Parlare della criminalità organizzata al cinema e in TV significa troppo spesso spettacolarizzare fatti e personaggi divenuti tristemente noti: ma cos’è la mafia e come è nata? Pasquale Scimeca, regista del film Il giudice e il boss, presentato al Taormina Film Festival 2024, sembra voler dare una risposta a questa domanda, portando alla luce gli episodi e i nomi che hanno preceduto le grandi stragi di Cosa Nostra.

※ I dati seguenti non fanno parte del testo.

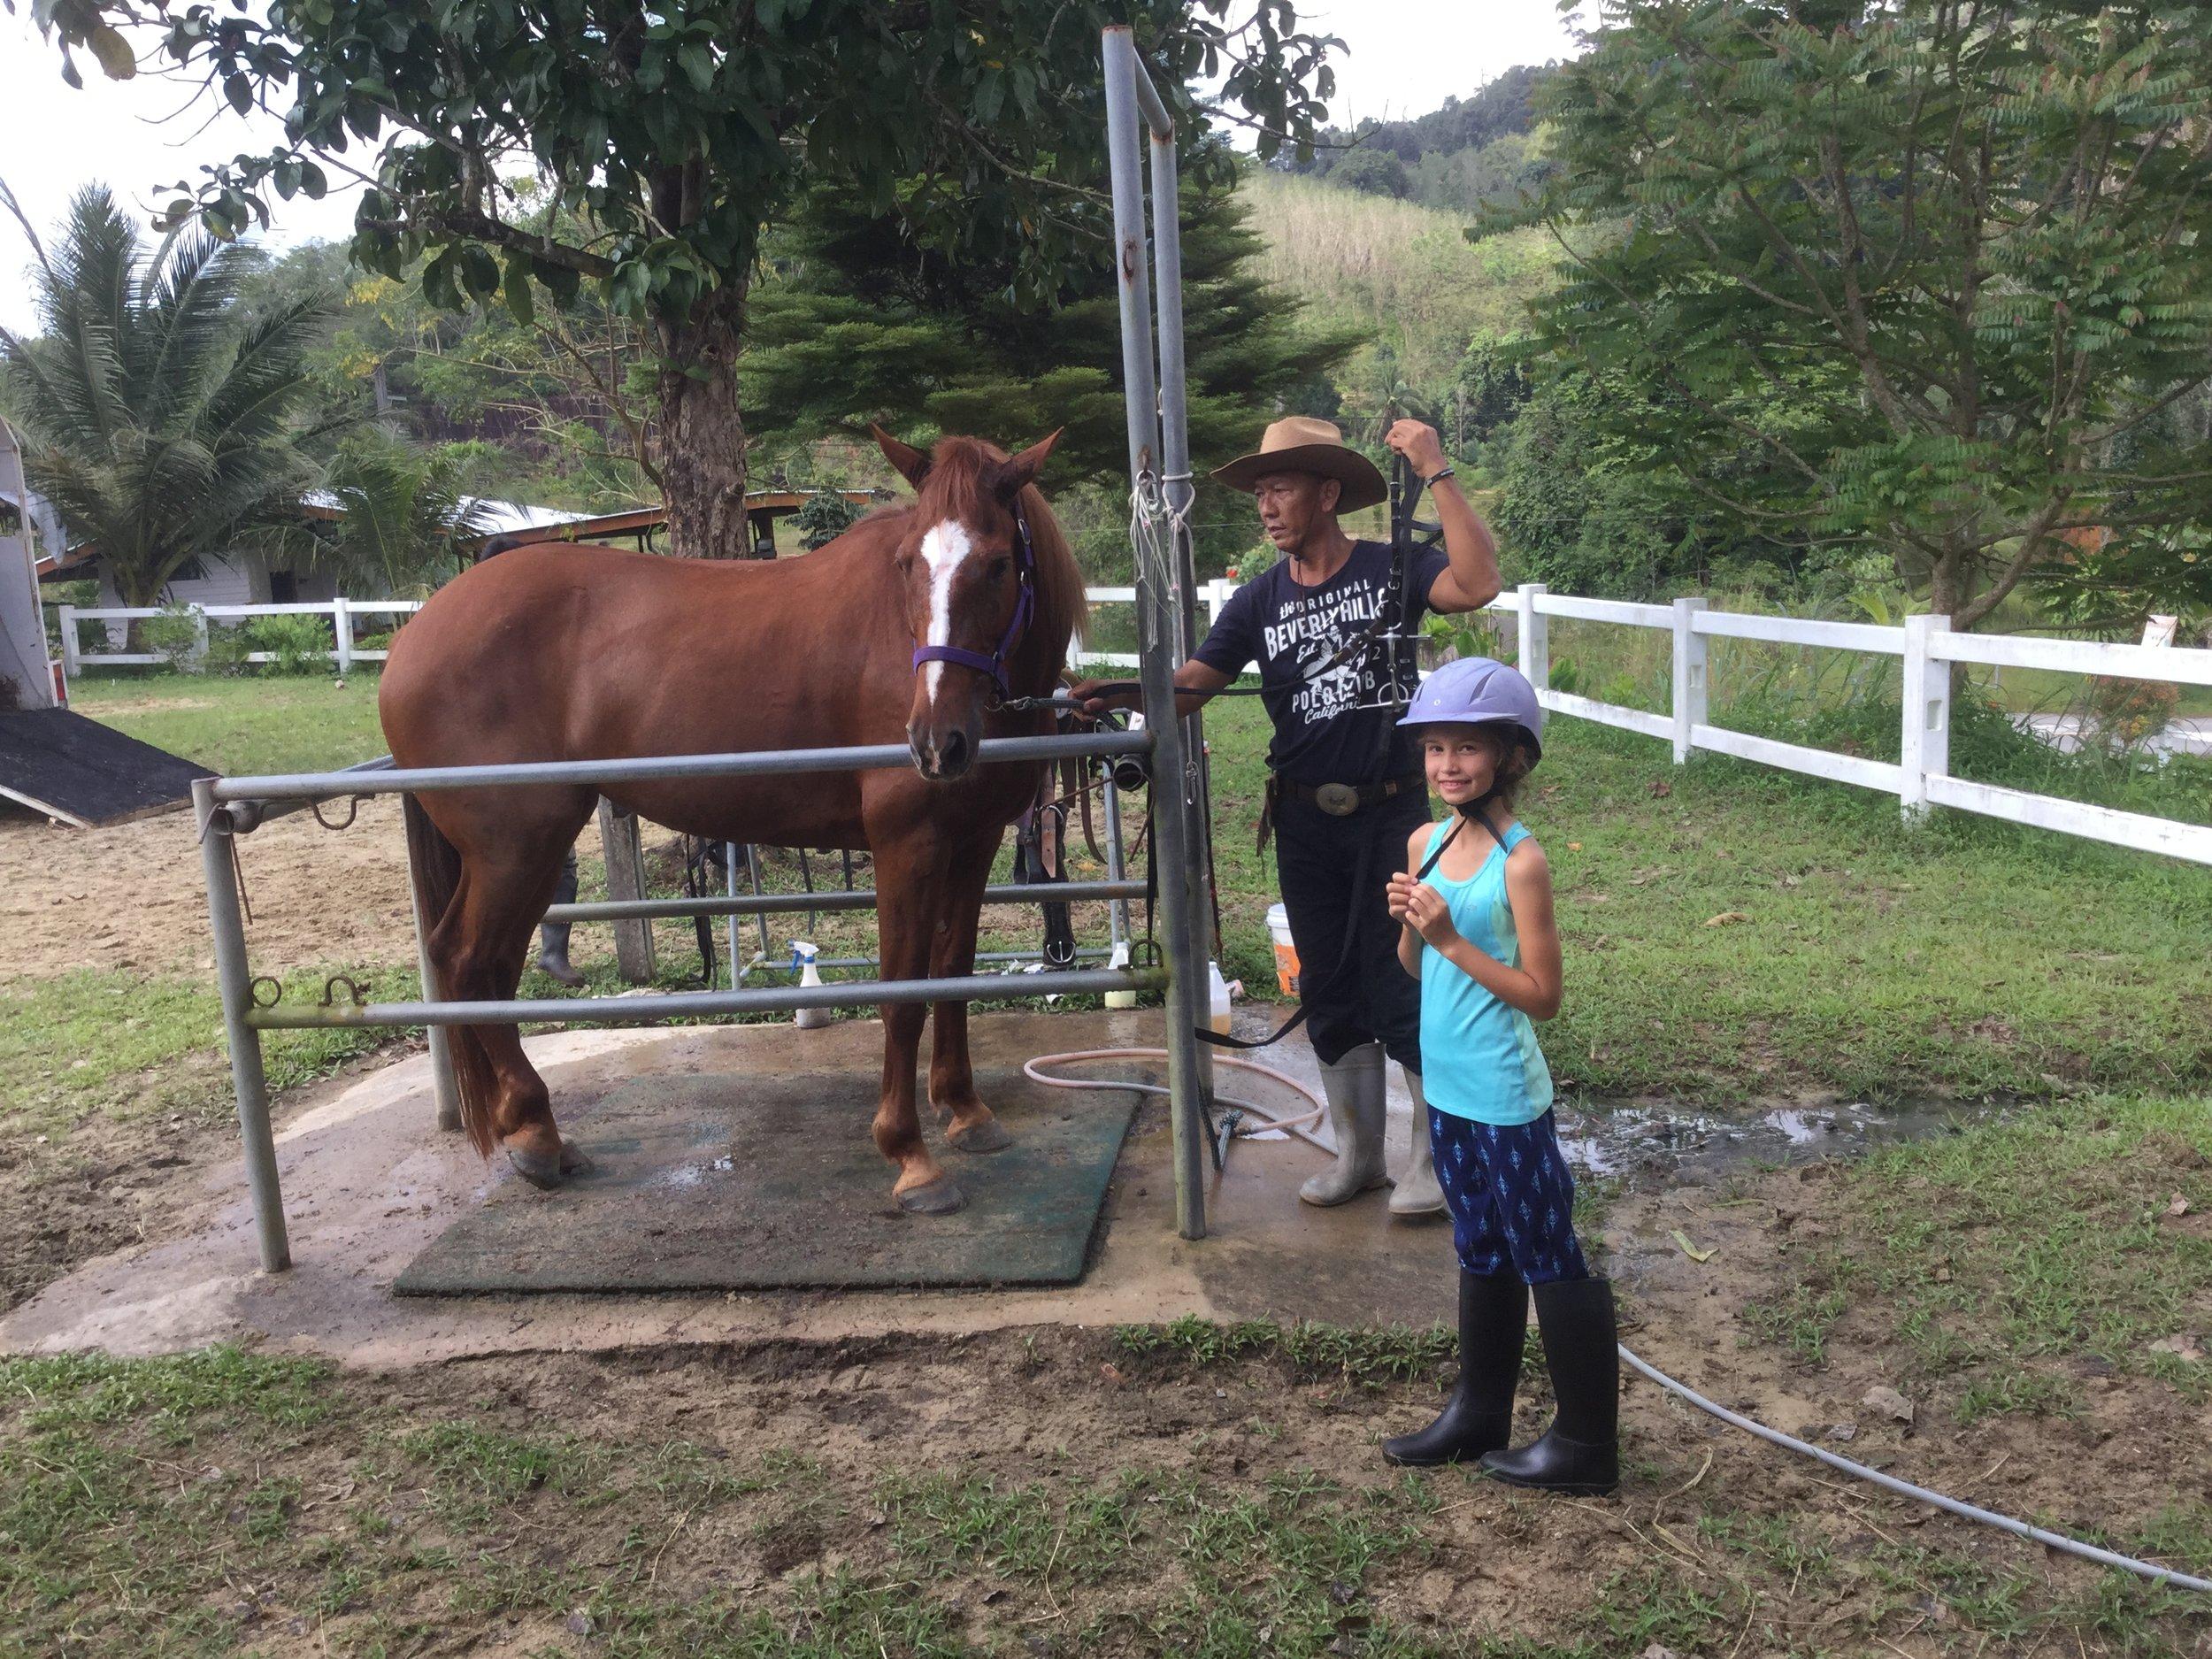 The horse, Bella, being prepared.

Lo fa con un approccio profondamente verista e a tratti documentaristico, lasciando che i fatti ci travolgano senza indugi, come se fossimo lì, tra lo scontro armato, tra gli accordi, l’incomprensione, la paura e la corruzione. È una visione che ci richiede il tempo di adeguarci alla psiche del giudice Cesare Terranova, magistralmente interpretato da Gaetano Bruno, di intrufolarci nello sgomento di chi lo circonda, talvolta senza intuire fino in fondo ciò che sta accadendo.
Un racconto verista sulla nascita della mafia e sulla figura del giudice Cesare Terranova
Adoperando uno stile verghiano, Scimeca fa molti passi dentro la narrazione: il nostro sguardo è quello senza paura del giudice Terranova, ma è anche quello fiducioso del suo più fedele alleato, il maresciallo della polizia Lenin Mancuso (Peppino Mazzotta) e, ancora, quello carico di vendetta e livore del boss di Cosa Nostra Luciano Liggio (Claudio Castrogiovanni).

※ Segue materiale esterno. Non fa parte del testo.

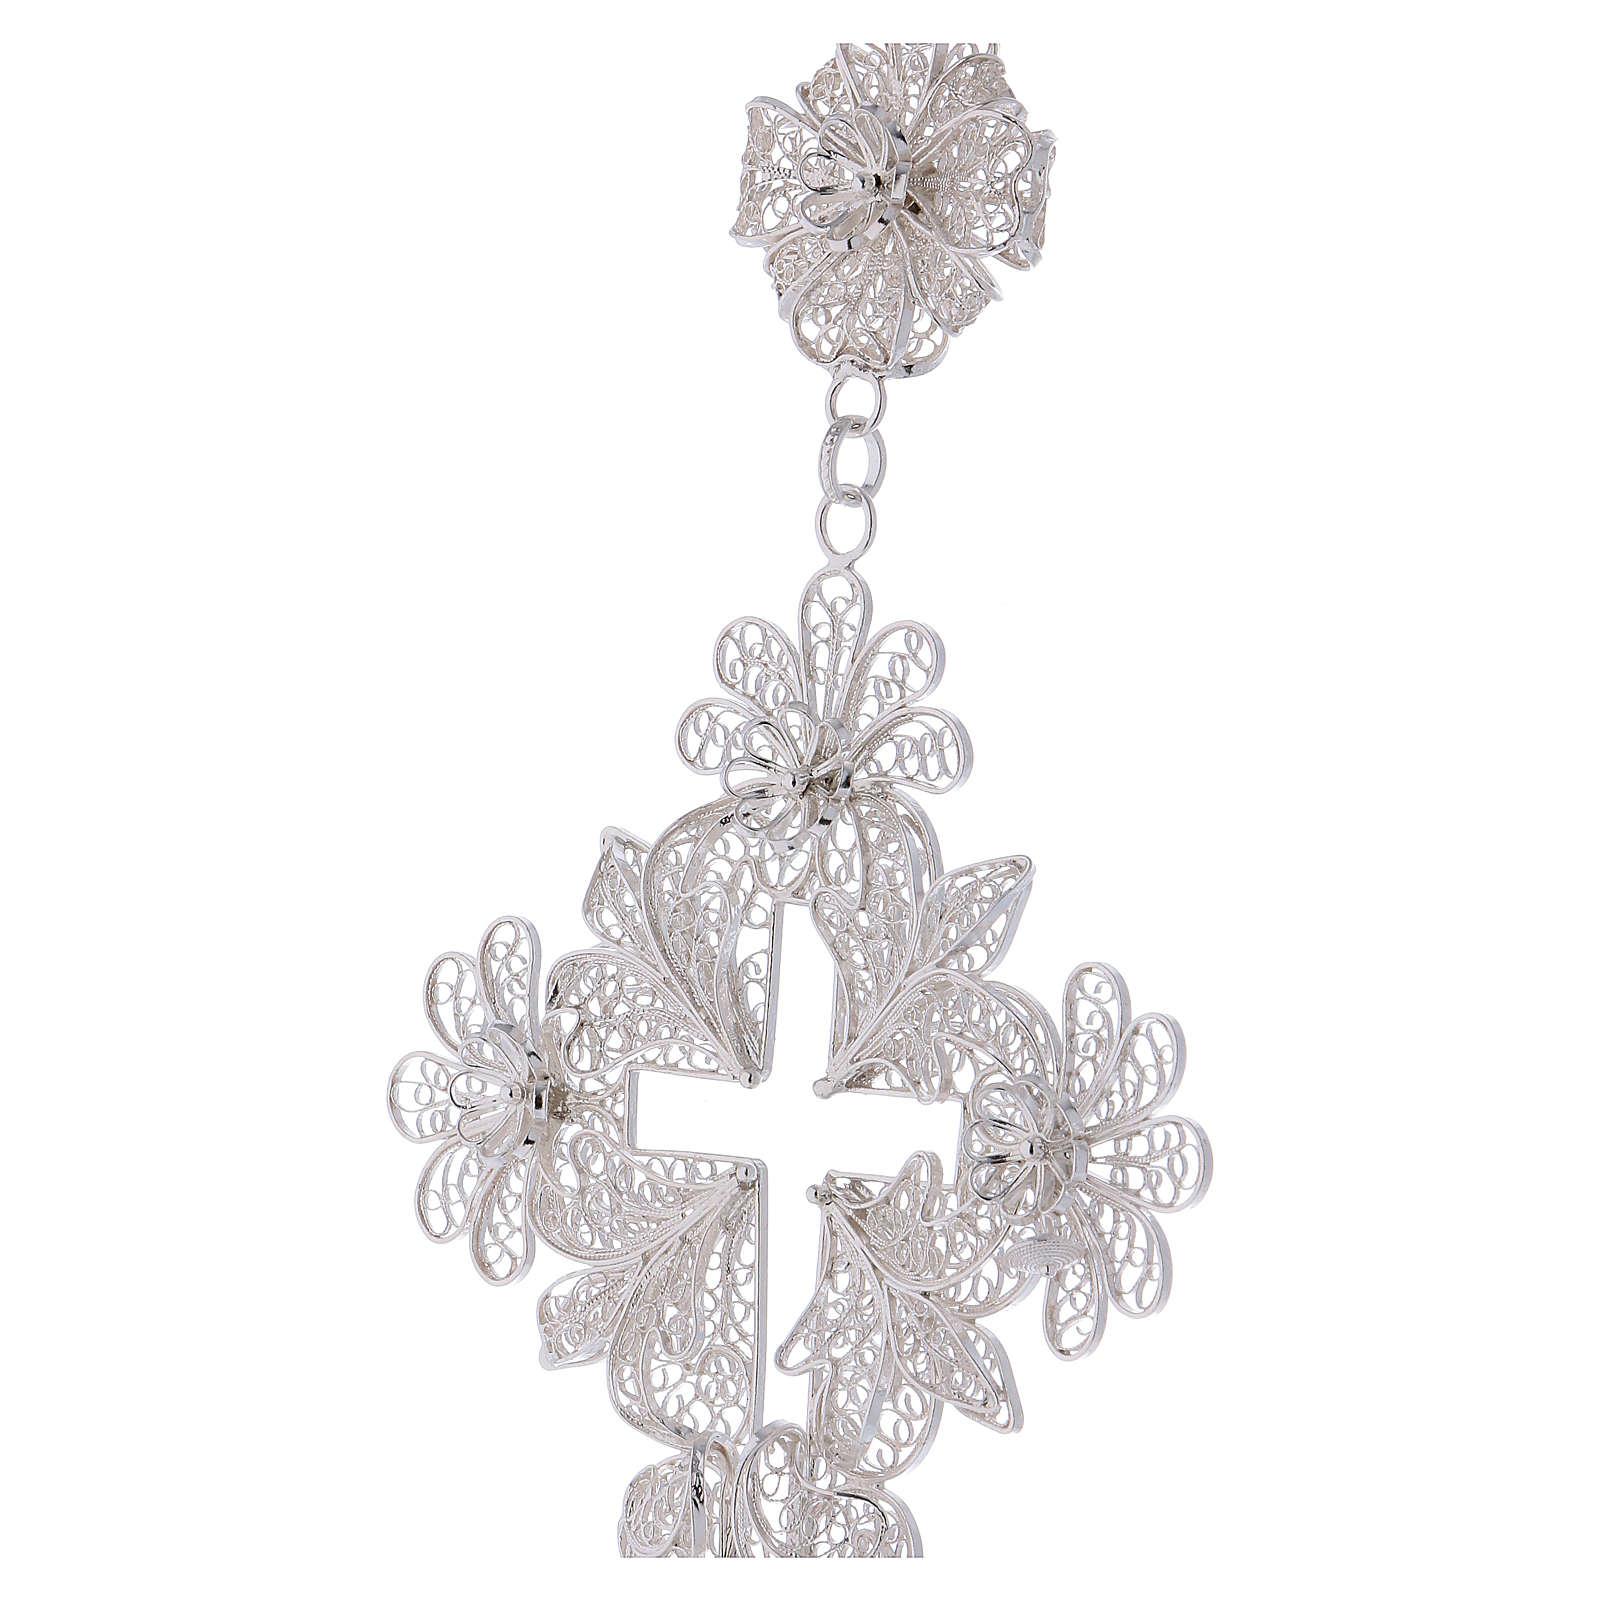 Pectoral Cross in silver 800 filigree 3

Siamo in un mondo arcaico – la Sicilia tra gli anni ’60 e ’70 – in cui Cosa Nostra non è ancora ciò che sarebbe diventata da lì a poco, Totò Riina è ancora un giovanotto che tenta di farsi strada tra i Corleonesi e gli altisonanti nomi di Falcone e Borsellino sono ancora lontani dagli eventi storici tristemente noti.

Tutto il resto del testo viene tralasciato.